Excluding all pictures, please output the listing exactly.

_Data shown:_
────

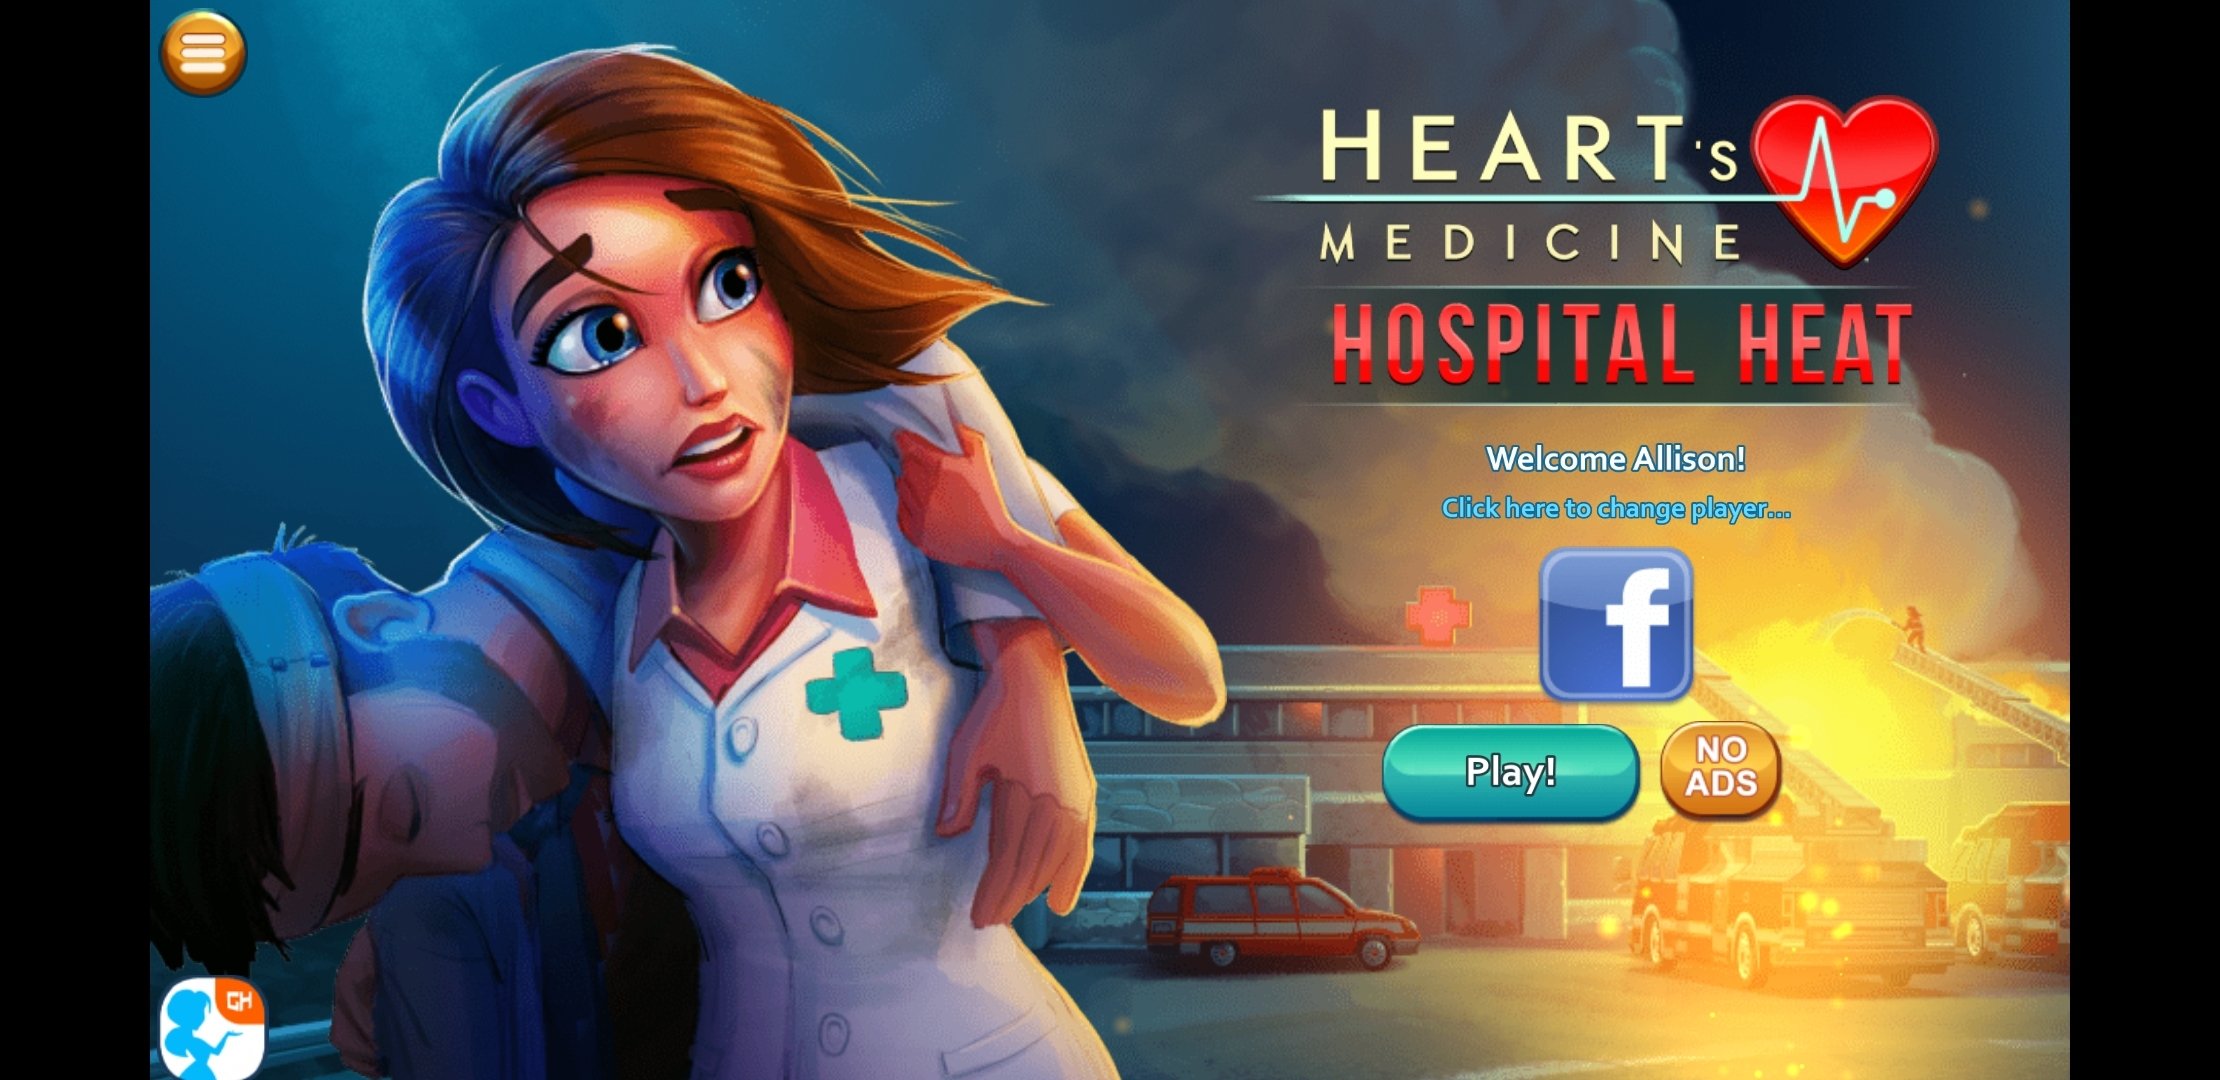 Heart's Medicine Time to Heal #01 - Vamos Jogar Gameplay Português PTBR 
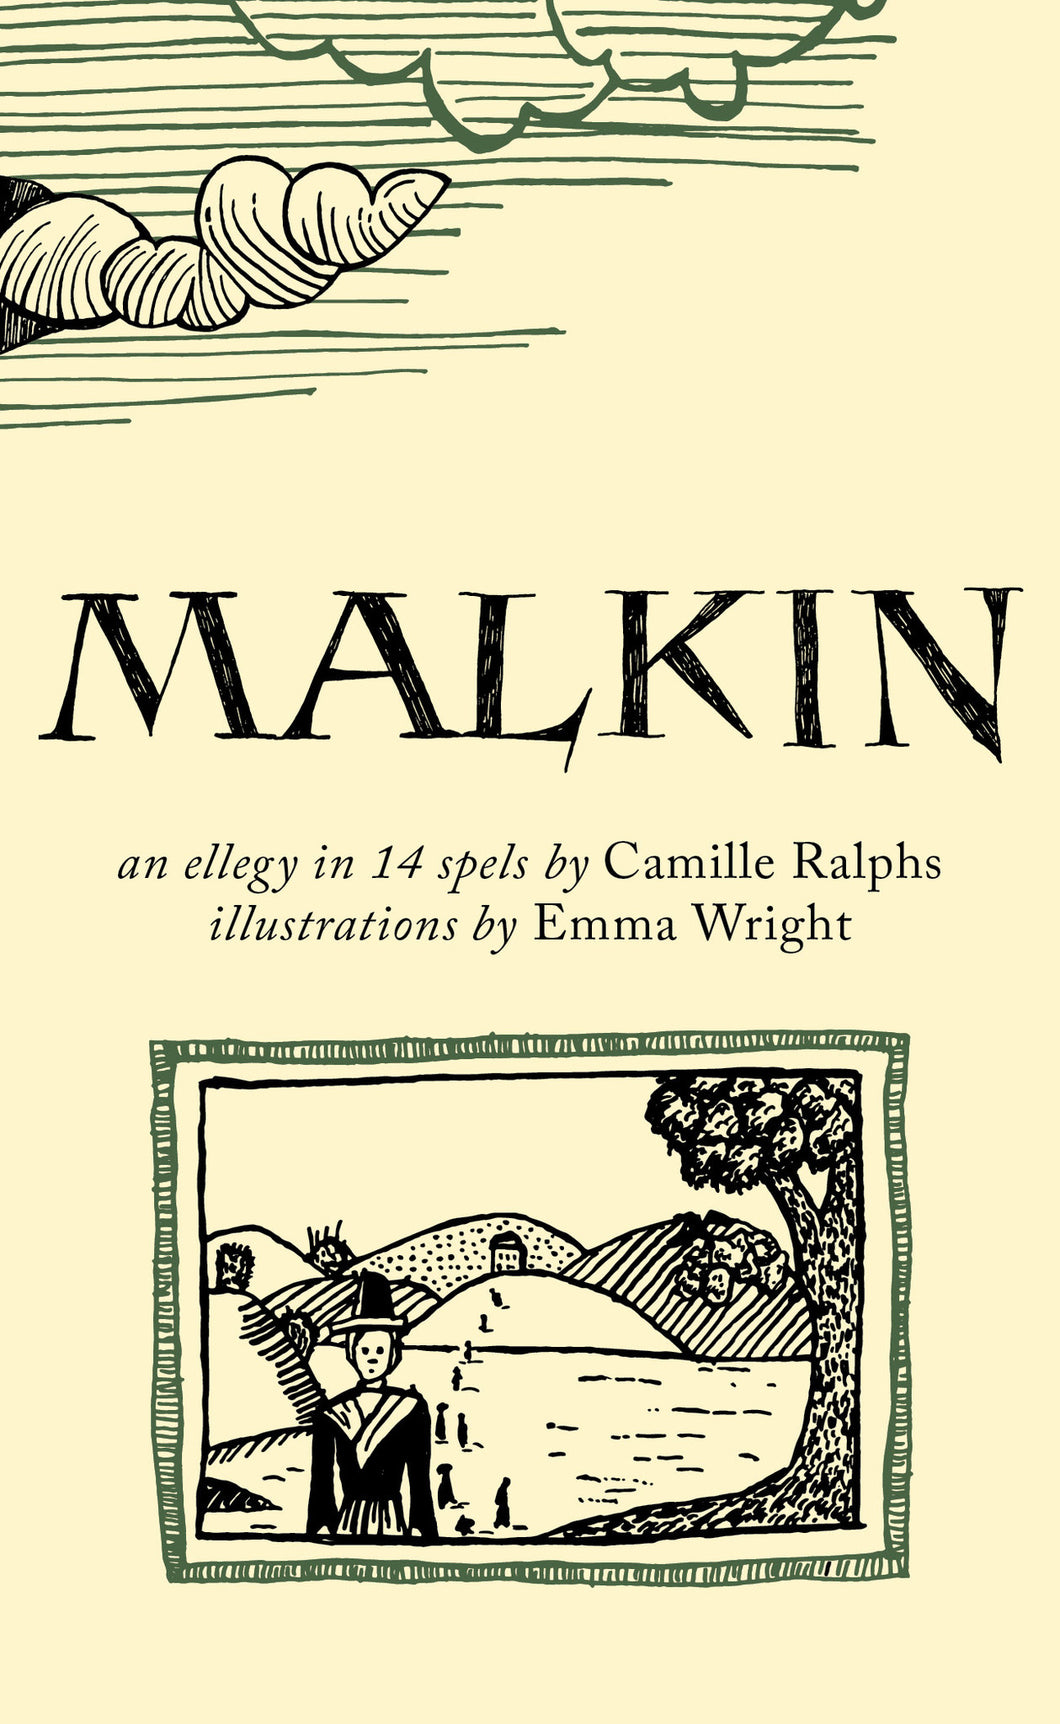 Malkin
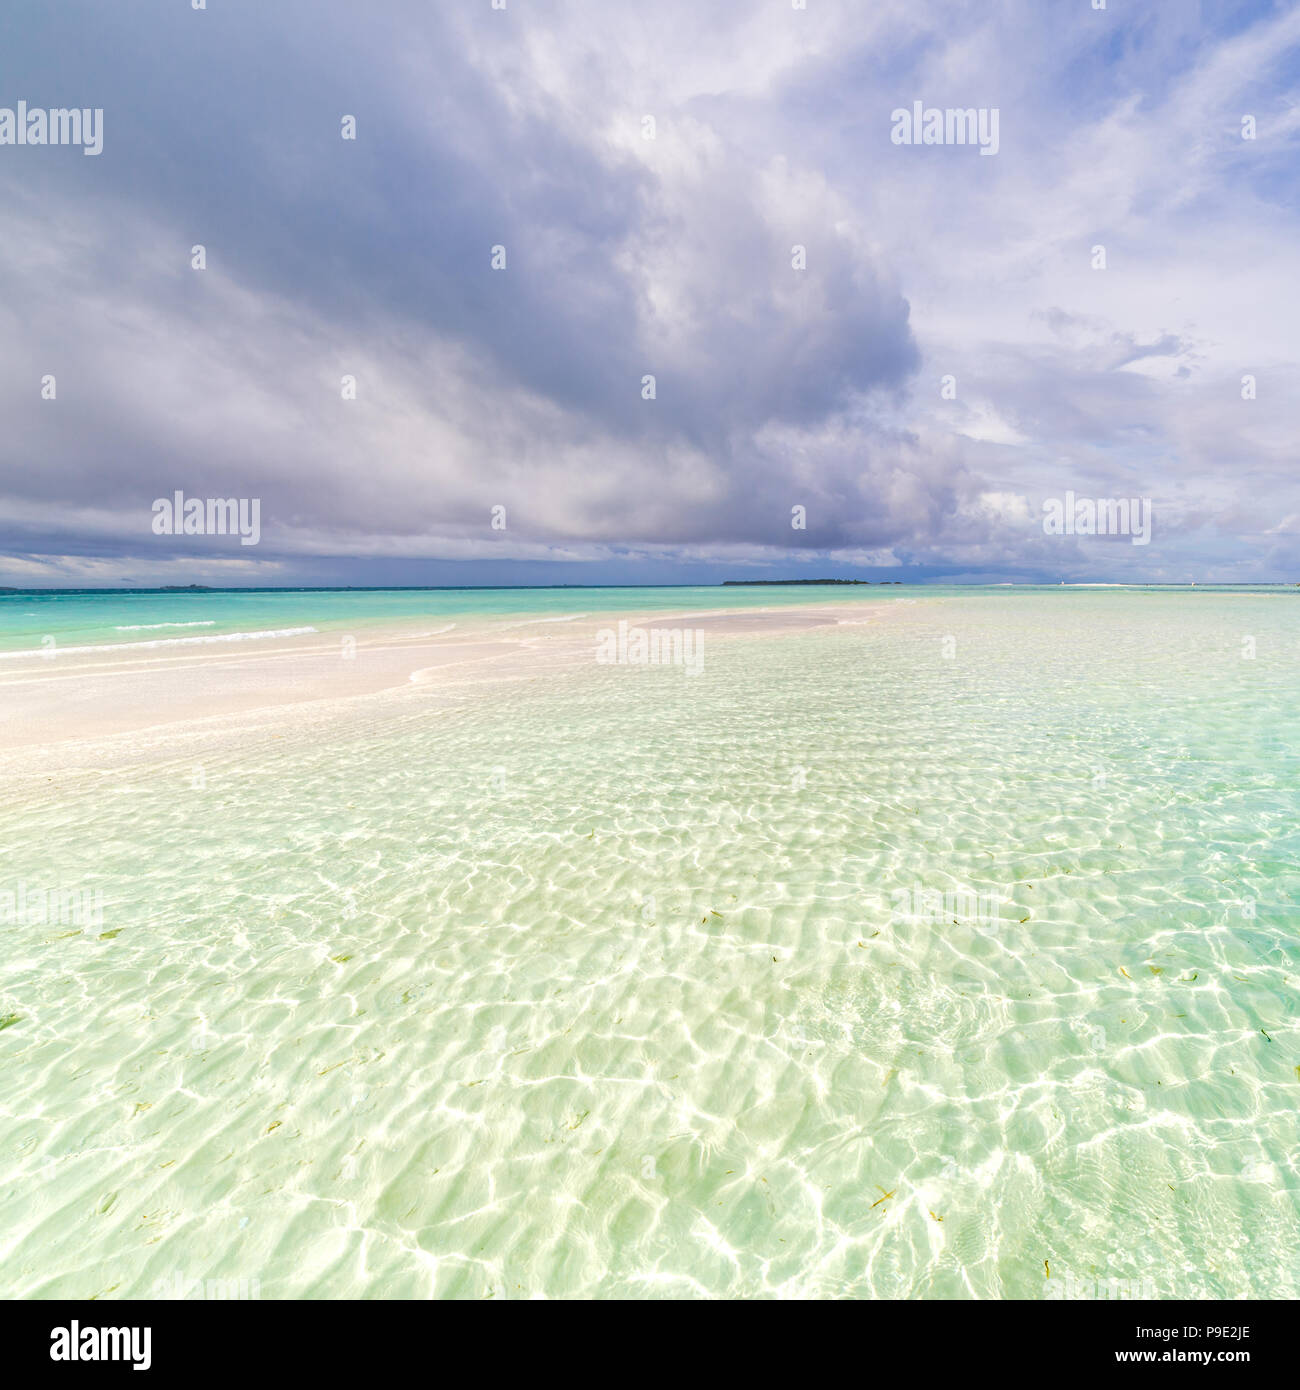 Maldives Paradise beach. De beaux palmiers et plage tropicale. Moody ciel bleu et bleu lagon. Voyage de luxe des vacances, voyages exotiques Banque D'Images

────

_Response area:_
 Heart's Medicine Time to Heal #01 - Vamos Jogar Gameplay Português PTBR 
 Malkin
 Maldives Paradise beach. De beaux palmiers et plage tropicale. Moody ciel bleu et bleu lagon. Voyage de luxe des vacances, voyages exotiques Banque D'Images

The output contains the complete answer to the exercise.